Two variable function on an unbounded set

Question

I have the following function

$$f(x,y) = 3x^2 +5y^2 +2y -4x -2xy + 1$$

I know that $f$ has a critical point in $x=9/14$ and $y=-1/14$. Also, I know that it will be a local minimum. How do I know (or check) that this value is a global minimum, that is, the lowest value of this function?

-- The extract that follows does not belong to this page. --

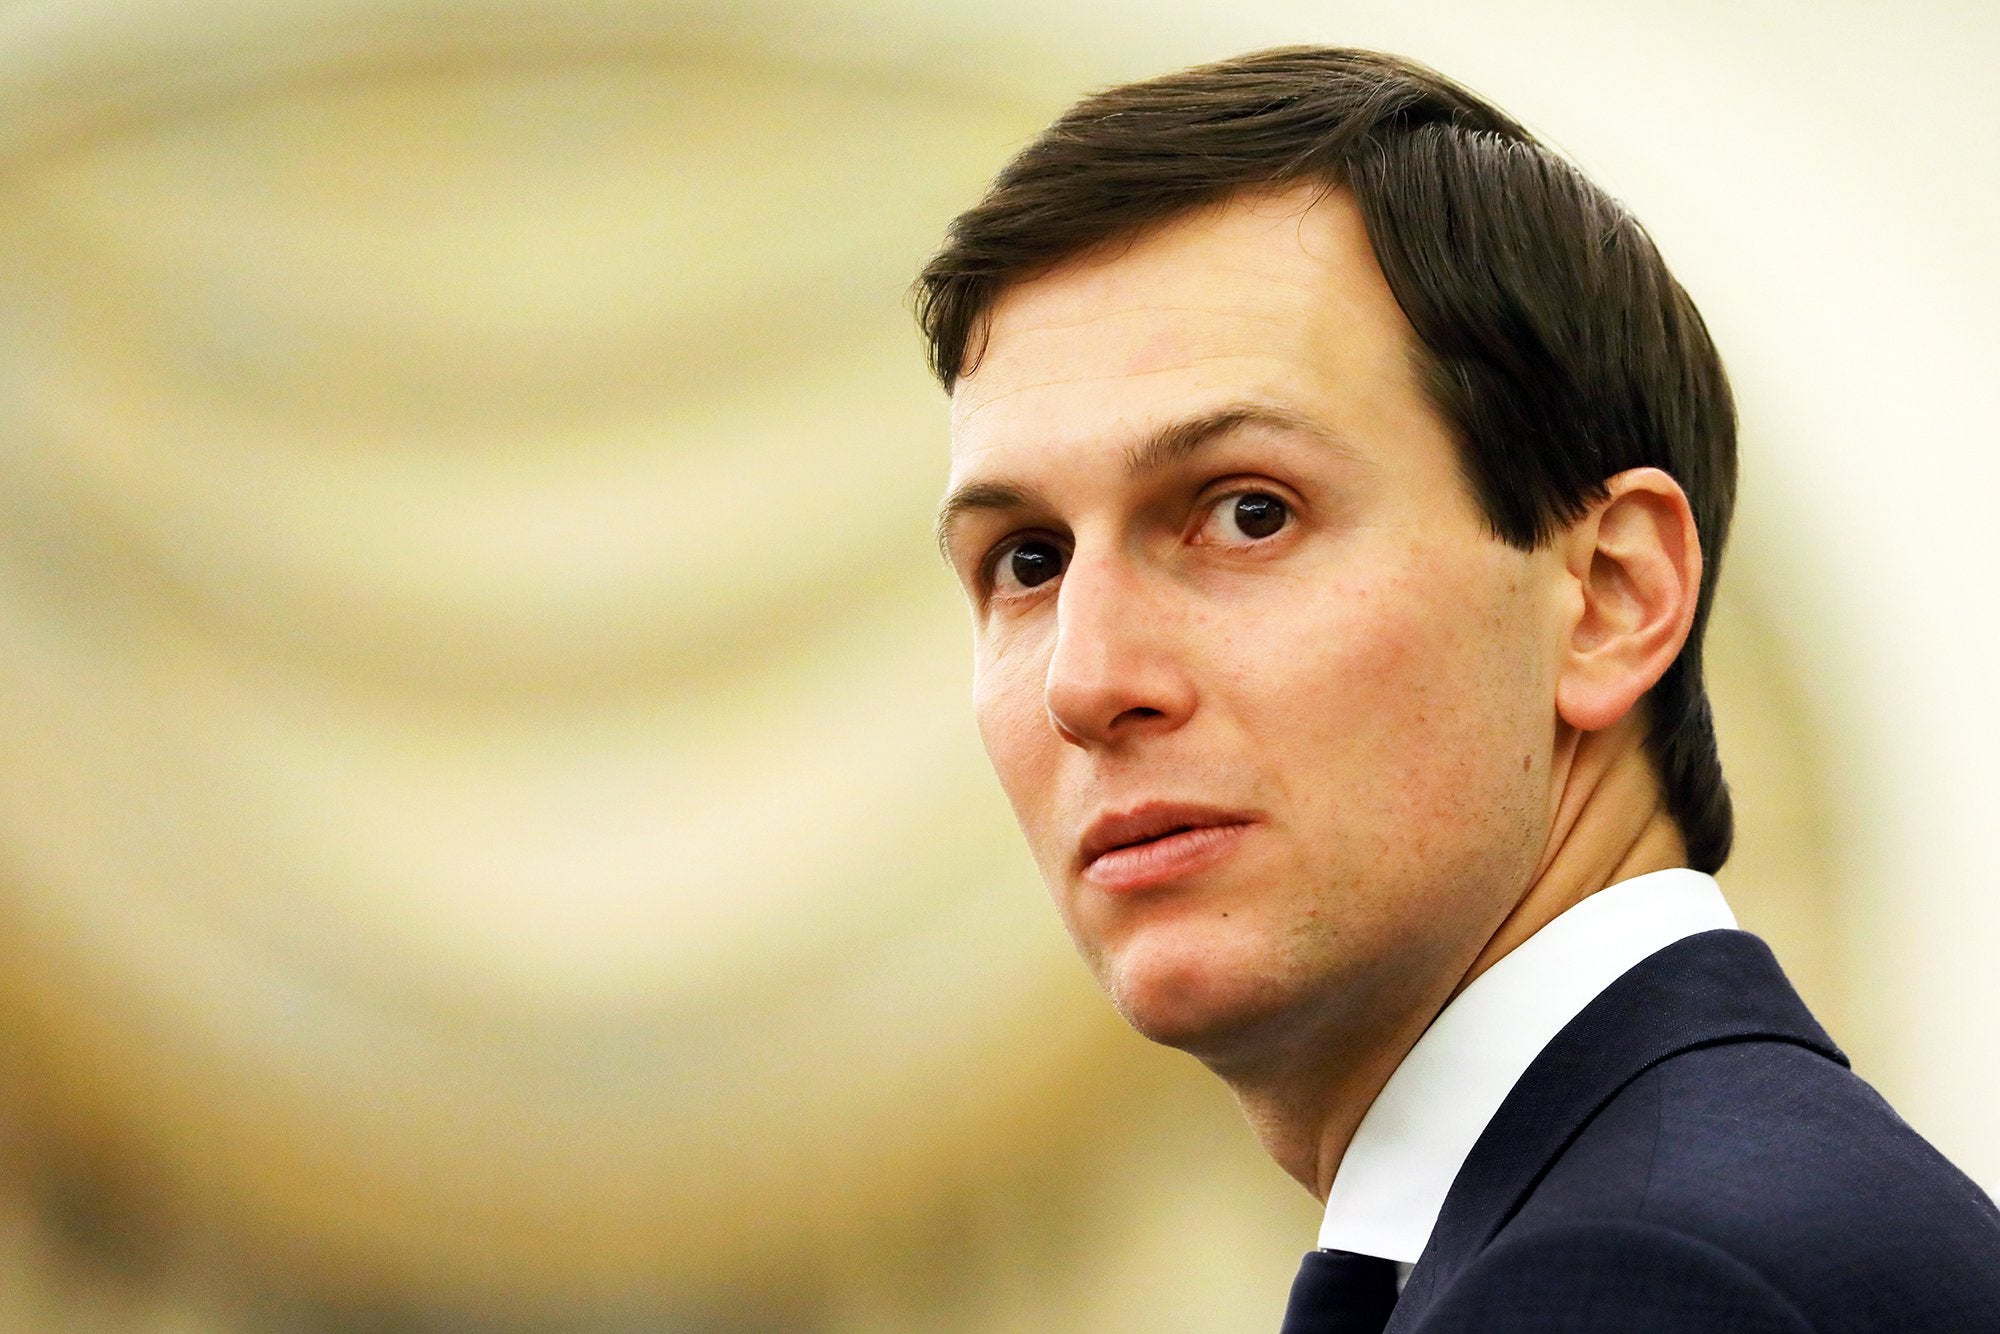 Democrats Want Jared Kushner to Address Reports that He Proposed a Secret Line With Russia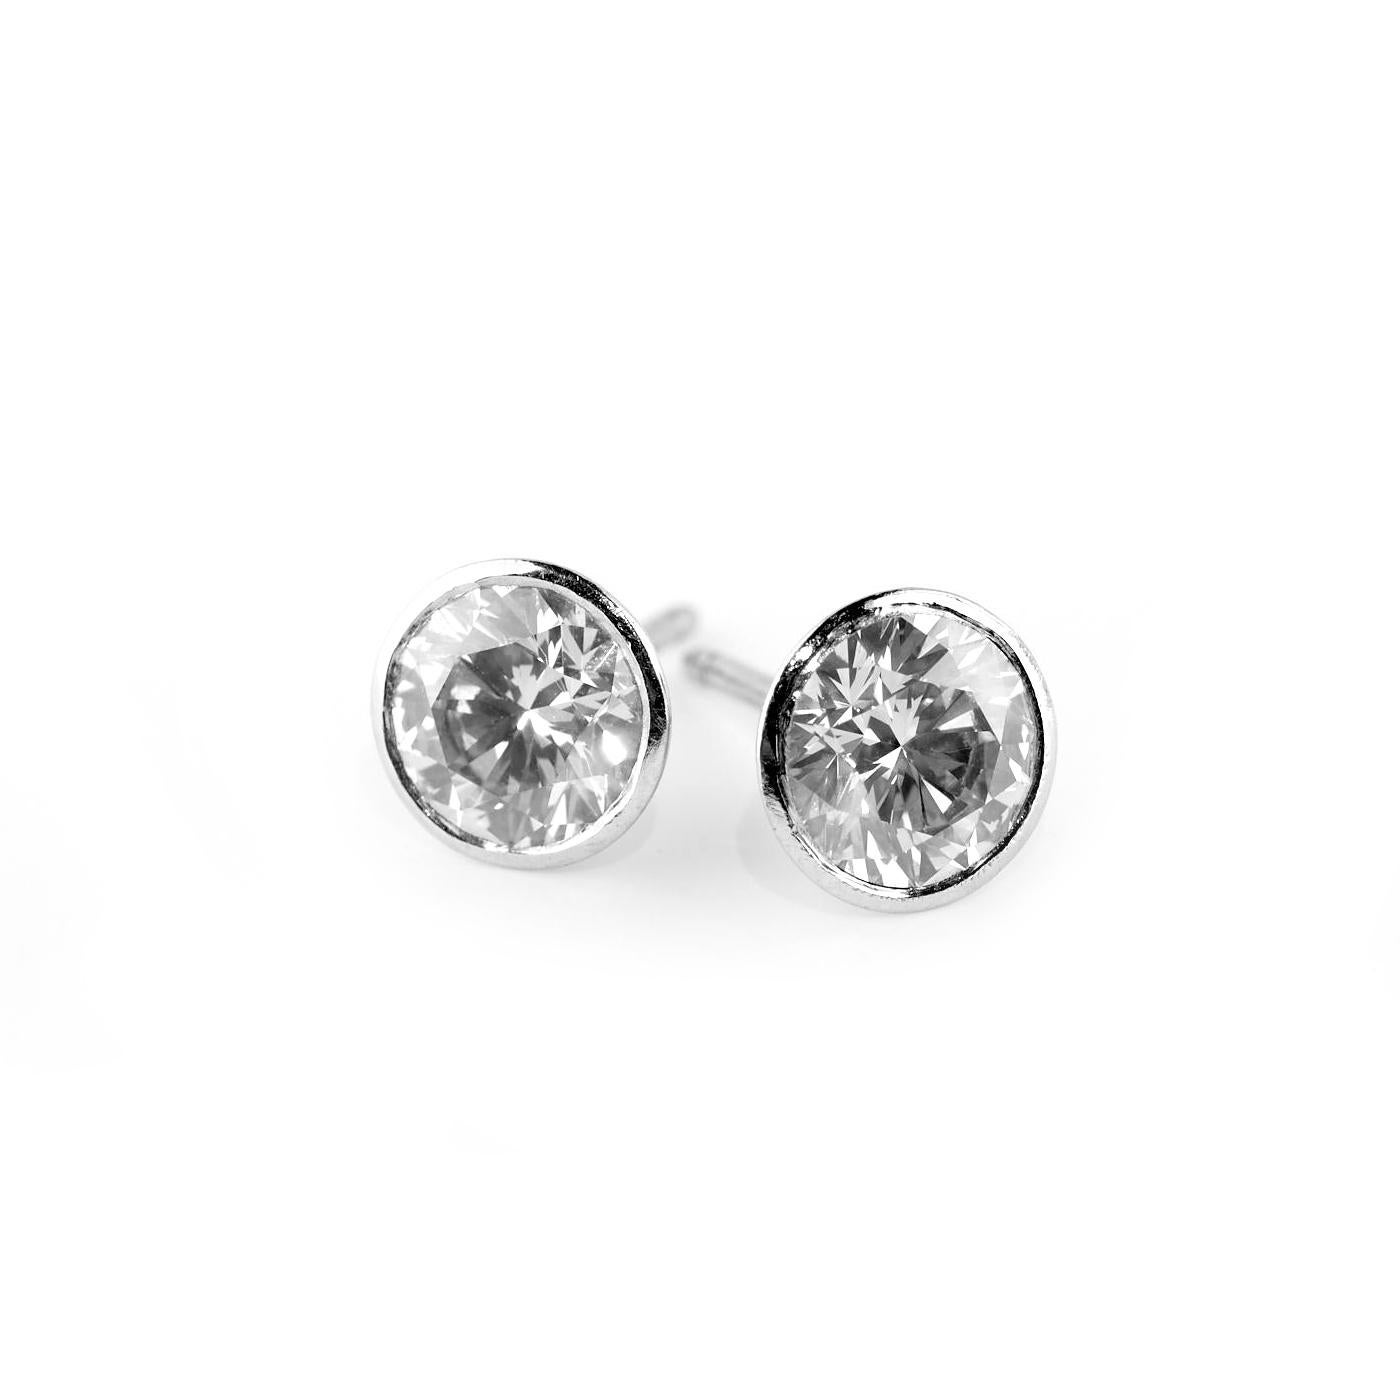 Bring traditional style and sparkle to your look with this lovely pair of stud earrings. Each stud features a round-cut, 1.24 / 1.26-carat white diamond in a simple Platinum prong setting. The lovely earrings fasten with screw-back clasps for secure

The domain is unbounded therefore I cannot apply Weierstrass Theorem. Do I count the limits? If yes, which of them? Is there a way to check that this function has a global minimum without even finding a local one?

Answer 1

$f_x = 6x-4 - 2y = 0 = f_y=10y+2-2x \implies 3(10y+2)-4-2y=0\implies28y=-2\implies y = -\dfrac{1}{14}\implies x = \dfrac{9}{14}$ . Thus $\left(\dfrac{9}{14}, -\dfrac{1}{14}\right)$ is the only critical point that is a local minima as confirmed by you. Hence this is also the global minima since the domain is an open unbounded set.

Answer 2

$$ f(x,y) = 3 x^2 + 5 y^2 + 2 y - 4 x - 2 x y - 11 = (p-p_0)^{\top}M(p-p_0)+c $$

with $p = (x,y), p_0 = (9/4,-1/14), c = 173/14$ and $M = \left(\begin{array}{cc} 3 & -1\\ -1 & 5 \end{array}\right)$ with $M > 0$ so $f(x,y)$ has a global minimum.